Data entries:
=== Begin Enclosure ===

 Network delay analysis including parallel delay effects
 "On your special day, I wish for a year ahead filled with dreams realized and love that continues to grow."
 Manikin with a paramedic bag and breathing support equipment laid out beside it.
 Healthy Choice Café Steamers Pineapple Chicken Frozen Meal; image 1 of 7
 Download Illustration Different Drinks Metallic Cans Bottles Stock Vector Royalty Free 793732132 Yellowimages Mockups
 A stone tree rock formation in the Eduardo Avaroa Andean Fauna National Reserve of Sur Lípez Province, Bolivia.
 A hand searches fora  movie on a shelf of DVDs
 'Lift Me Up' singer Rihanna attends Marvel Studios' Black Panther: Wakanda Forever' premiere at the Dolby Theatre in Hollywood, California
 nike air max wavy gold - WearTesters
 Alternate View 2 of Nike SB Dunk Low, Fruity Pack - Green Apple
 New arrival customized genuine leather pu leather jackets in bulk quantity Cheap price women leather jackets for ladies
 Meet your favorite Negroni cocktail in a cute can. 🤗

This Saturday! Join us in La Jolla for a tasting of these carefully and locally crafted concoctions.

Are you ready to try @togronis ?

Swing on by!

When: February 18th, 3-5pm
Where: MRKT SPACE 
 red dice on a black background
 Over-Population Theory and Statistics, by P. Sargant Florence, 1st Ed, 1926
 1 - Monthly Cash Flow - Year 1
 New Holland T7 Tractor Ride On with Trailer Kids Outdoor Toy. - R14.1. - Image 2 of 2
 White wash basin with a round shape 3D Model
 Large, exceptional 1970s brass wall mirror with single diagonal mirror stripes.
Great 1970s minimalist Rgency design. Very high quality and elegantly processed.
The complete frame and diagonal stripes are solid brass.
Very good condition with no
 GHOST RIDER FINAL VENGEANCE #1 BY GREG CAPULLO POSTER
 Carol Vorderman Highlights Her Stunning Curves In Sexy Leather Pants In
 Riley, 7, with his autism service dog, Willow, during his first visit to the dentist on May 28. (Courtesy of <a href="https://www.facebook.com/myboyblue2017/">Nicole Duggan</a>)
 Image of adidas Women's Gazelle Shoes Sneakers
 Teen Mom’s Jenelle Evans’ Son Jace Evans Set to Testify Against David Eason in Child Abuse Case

=== End Enclosure ===

WHAT THIS TASK INVOLVES>
Set down the entries again exactly as they are.

ANSWER TO THIS TASK>
 Network delay analysis including parallel delay effects
 "On your special day, I wish for a year ahead filled with dreams realized and love that continues to grow."
 Manikin with a paramedic bag and breathing support equipment laid out beside it.
 Healthy Choice Café Steamers Pineapple Chicken Frozen Meal; image 1 of 7
 Download Illustration Different Drinks Metallic Cans Bottles Stock Vector Royalty Free 793732132 Yellowimages Mockups
 A stone tree rock formation in the Eduardo Avaroa Andean Fauna National Reserve of Sur Lípez Province, Bolivia.
 A hand searches fora  movie on a shelf of DVDs
 'Lift Me Up' singer Rihanna attends Marvel Studios' Black Panther: Wakanda Forever' premiere at the Dolby Theatre in Hollywood, California
 nike air max wavy gold - WearTesters
 Alternate View 2 of Nike SB Dunk Low, Fruity Pack - Green Apple
 New arrival customized genuine leather pu leather jackets in bulk quantity Cheap price women leather jackets for ladies
 Meet your favorite Negroni cocktail in a cute can. 🤗

This Saturday! Join us in La Jolla for a tasting of these carefully and locally crafted concoctions.

Are you ready to try @togronis ?

Swing on by!

When: February 18th, 3-5pm
Where: MRKT SPACE 
 red dice on a black background
 Over-Population Theory and Statistics, by P. Sargant Florence, 1st Ed, 1926
 1 - Monthly Cash Flow - Year 1
 New Holland T7 Tractor Ride On with Trailer Kids Outdoor Toy. - R14.1. - Image 2 of 2
 White wash basin with a round shape 3D Model
 Large, exceptional 1970s brass wall mirror with single diagonal mirror stripes.
Great 1970s minimalist Rgency design. Very high quality and elegantly processed.
The complete frame and diagonal stripes are solid brass.
Very good condition with no
 GHOST RIDER FINAL VENGEANCE #1 BY GREG CAPULLO POSTER
 Carol Vorderman Highlights Her Stunning Curves In Sexy Leather Pants In
 Riley, 7, with his autism service dog, Willow, during his first visit to the dentist on May 28. (Courtesy of <a href="https://www.facebook.com/myboyblue2017/">Nicole Duggan</a>)
 Image of adidas Women's Gazelle Shoes Sneakers
 Teen Mom’s Jenelle Evans’ Son Jace Evans Set to Testify Against David Eason in Child Abuse Case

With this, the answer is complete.